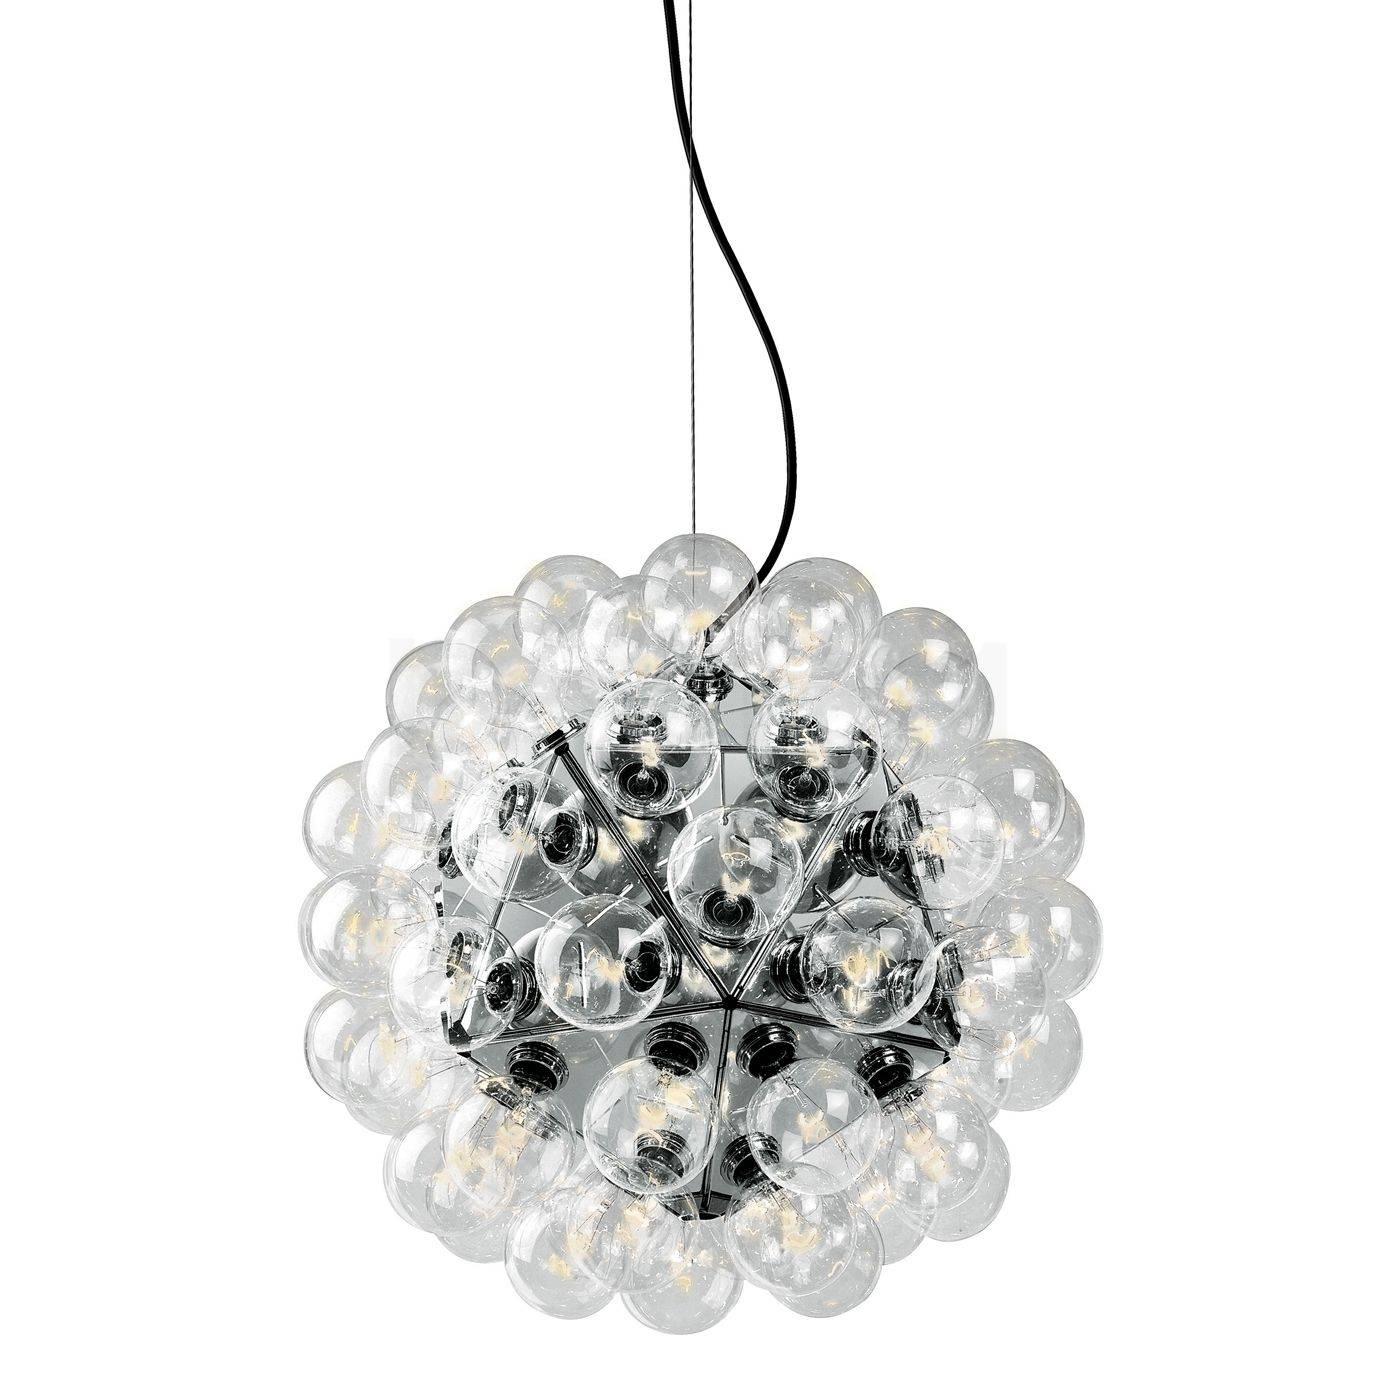 Modern Flos Taraxacum 88 Suspension Pendant Lamp by Achille & Pier Castiglioni For Sale
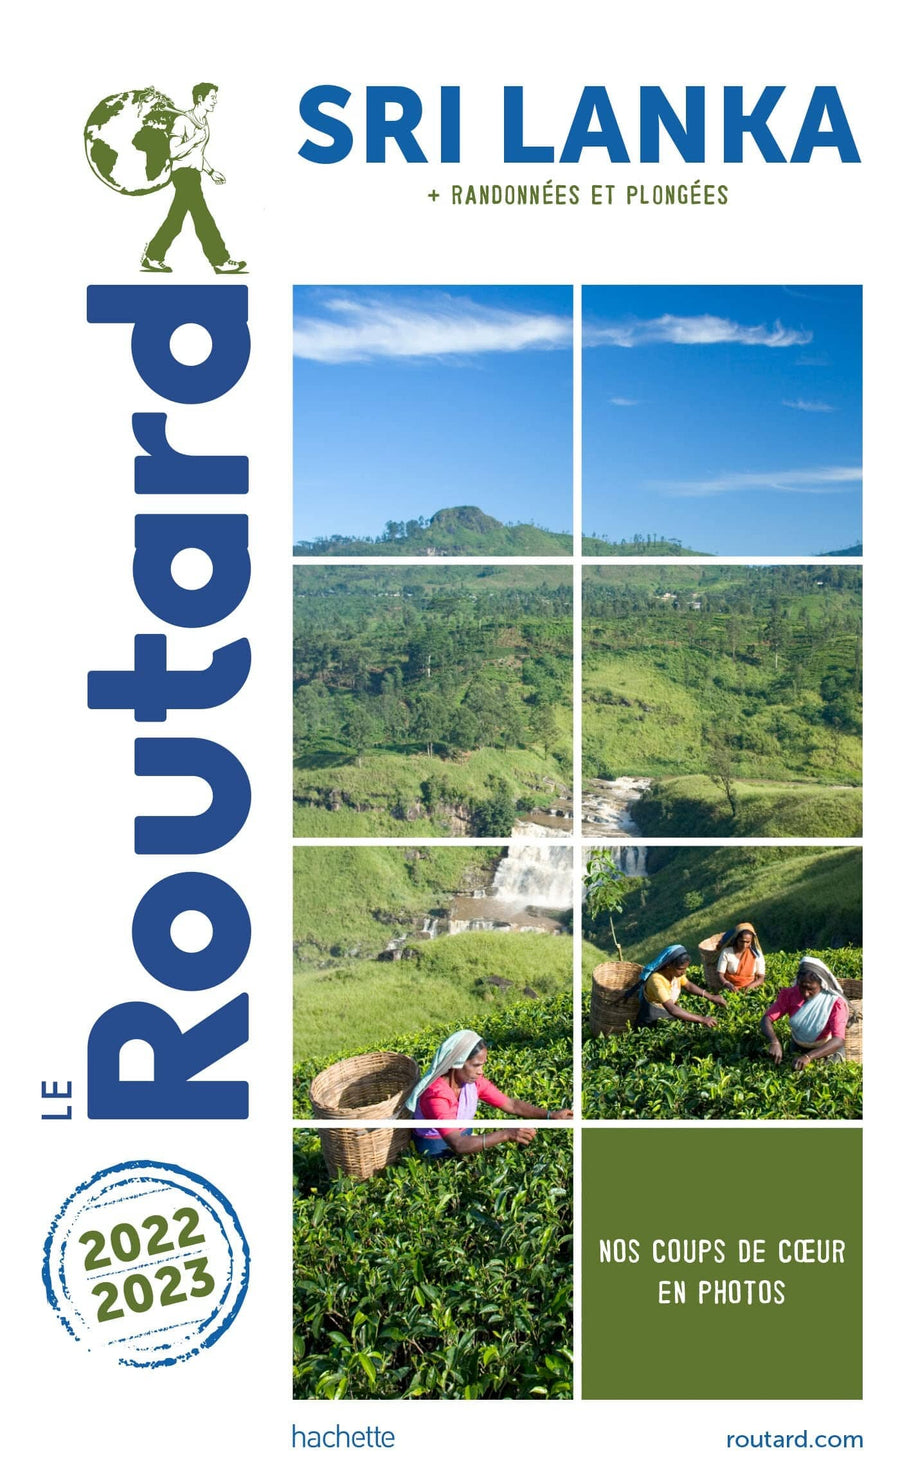 Guide du Routard - Sri Lanka 2022/23 | Hachette guide de voyage Hachette 
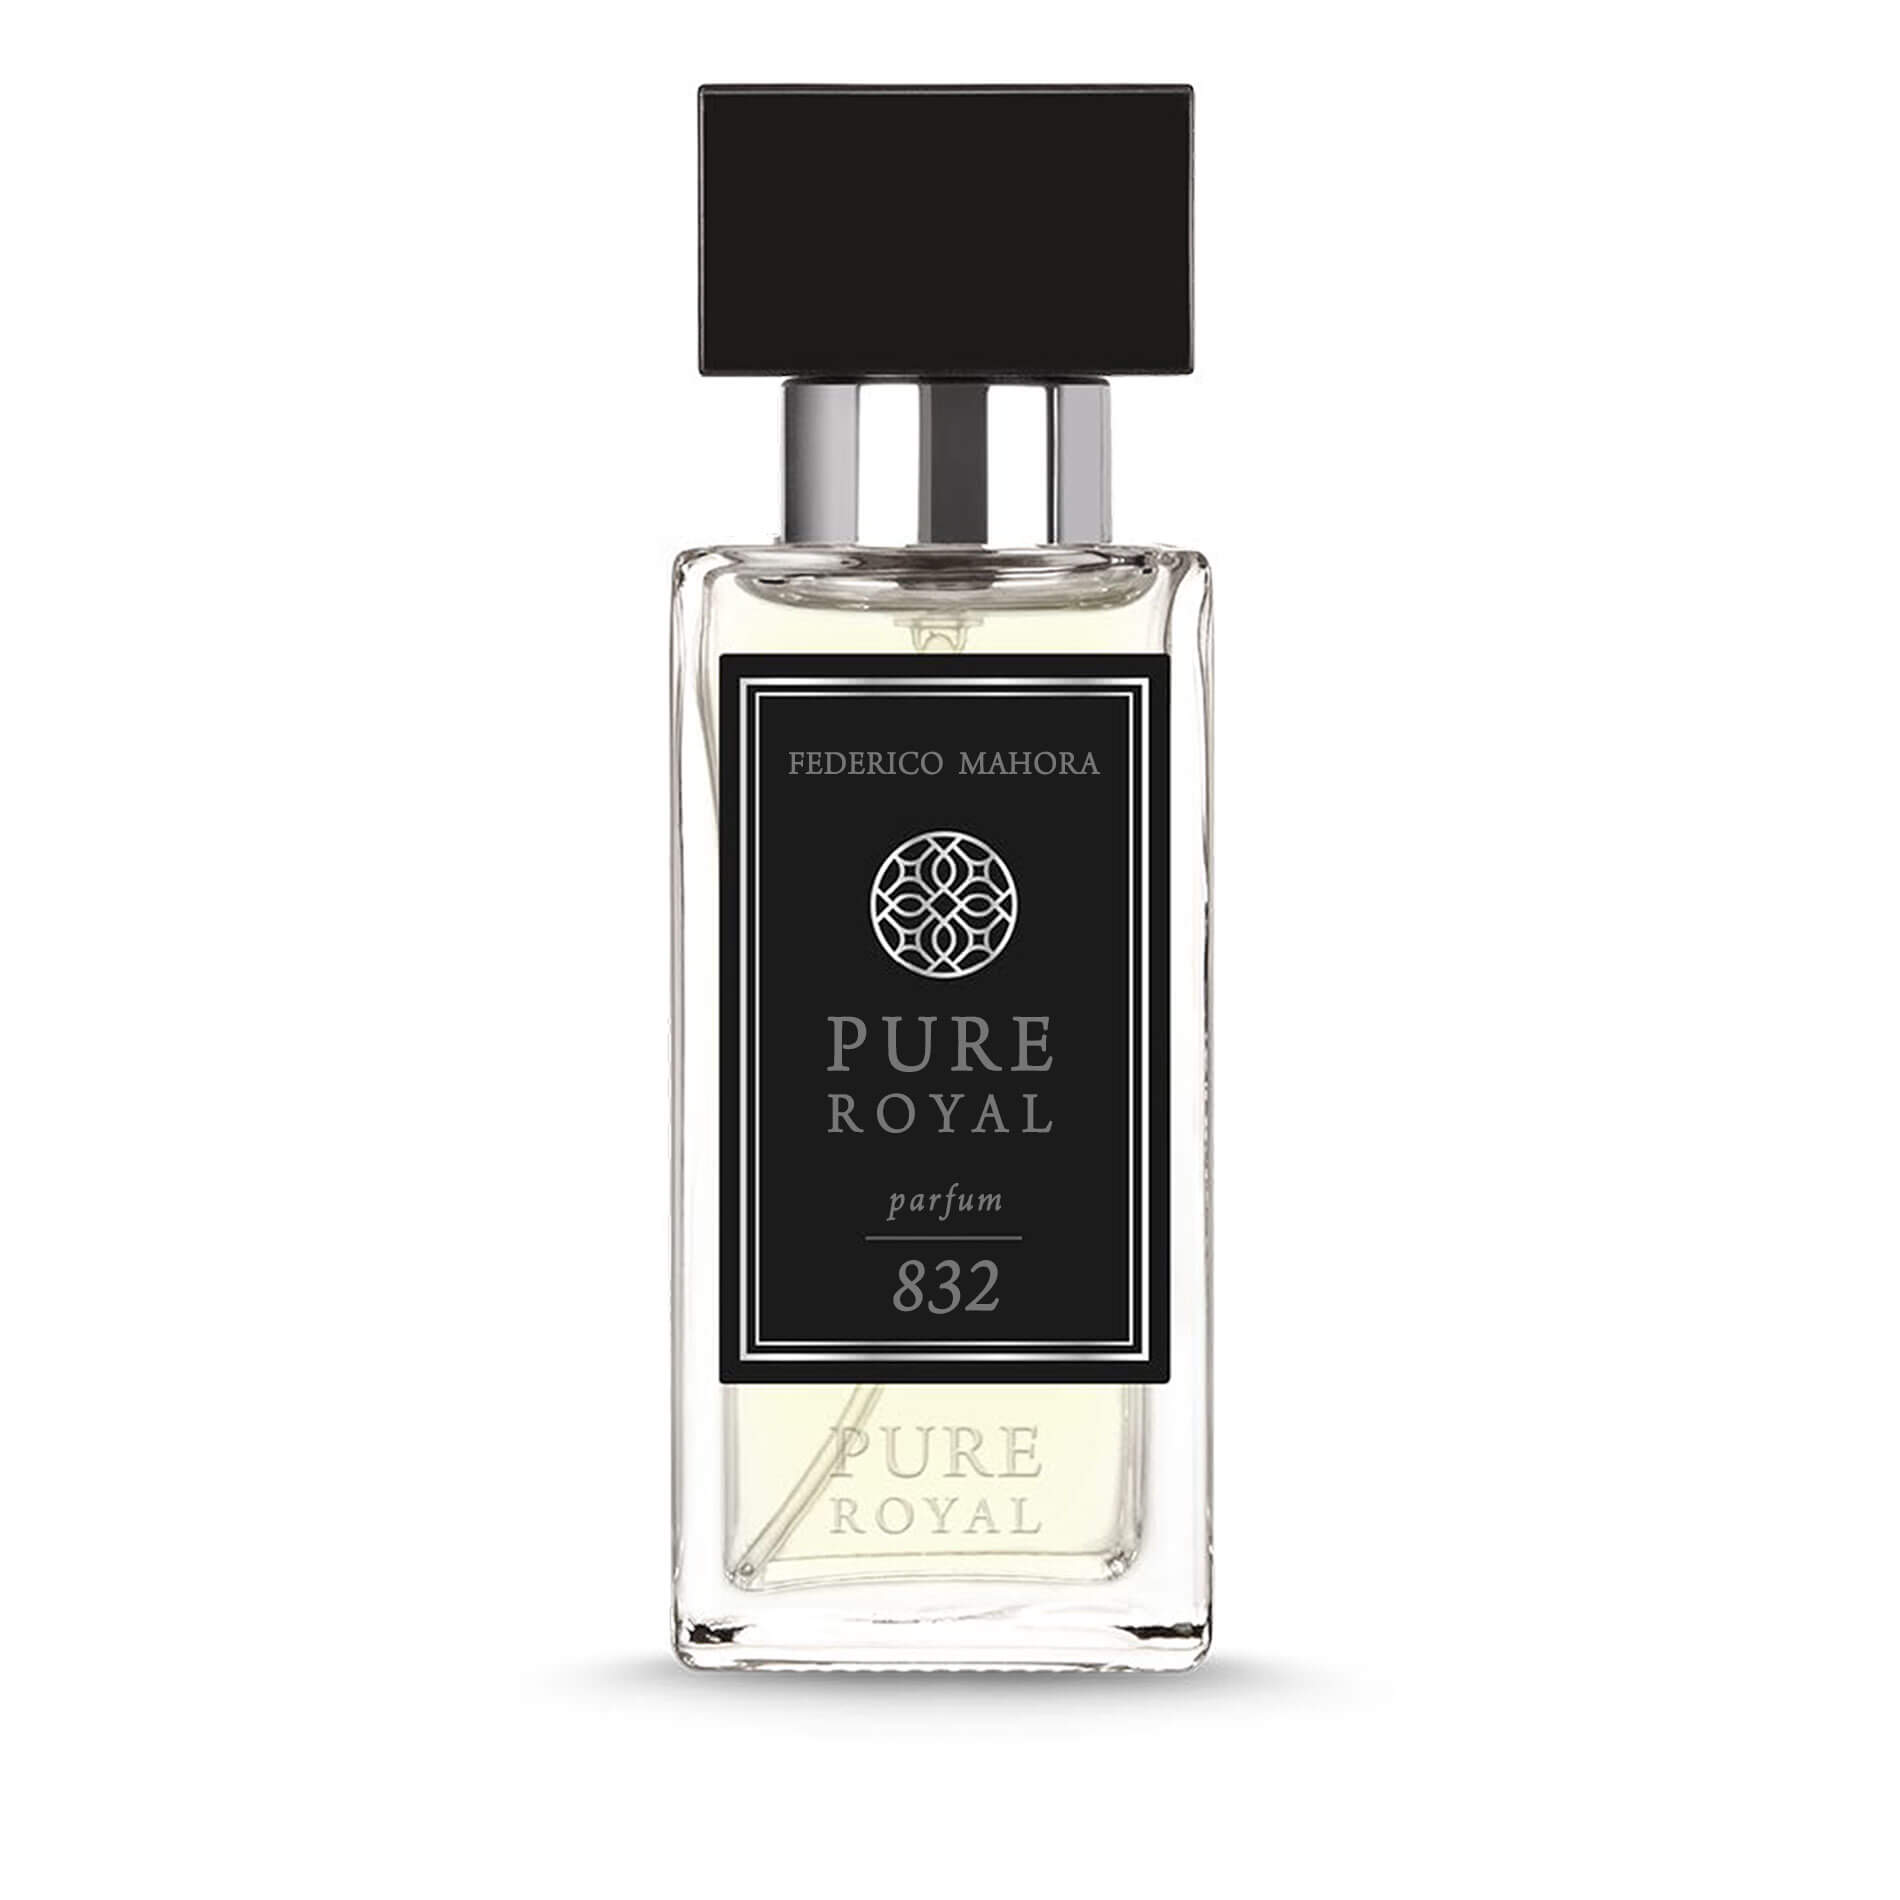 PURE ROYAL 832 Parfum by Federico Mahora

■ Exercise details:
Omit any images, then output the listing exactly.

■ Result:
 Modern Flos Taraxacum 88 Suspension Pendant Lamp by Achille & Pier Castiglioni For Sale
 Guide du Routard - Sri Lanka 2022/23 | Hachette guide de voyage Hachette 
 PURE ROYAL 832 Parfum by Federico Mahora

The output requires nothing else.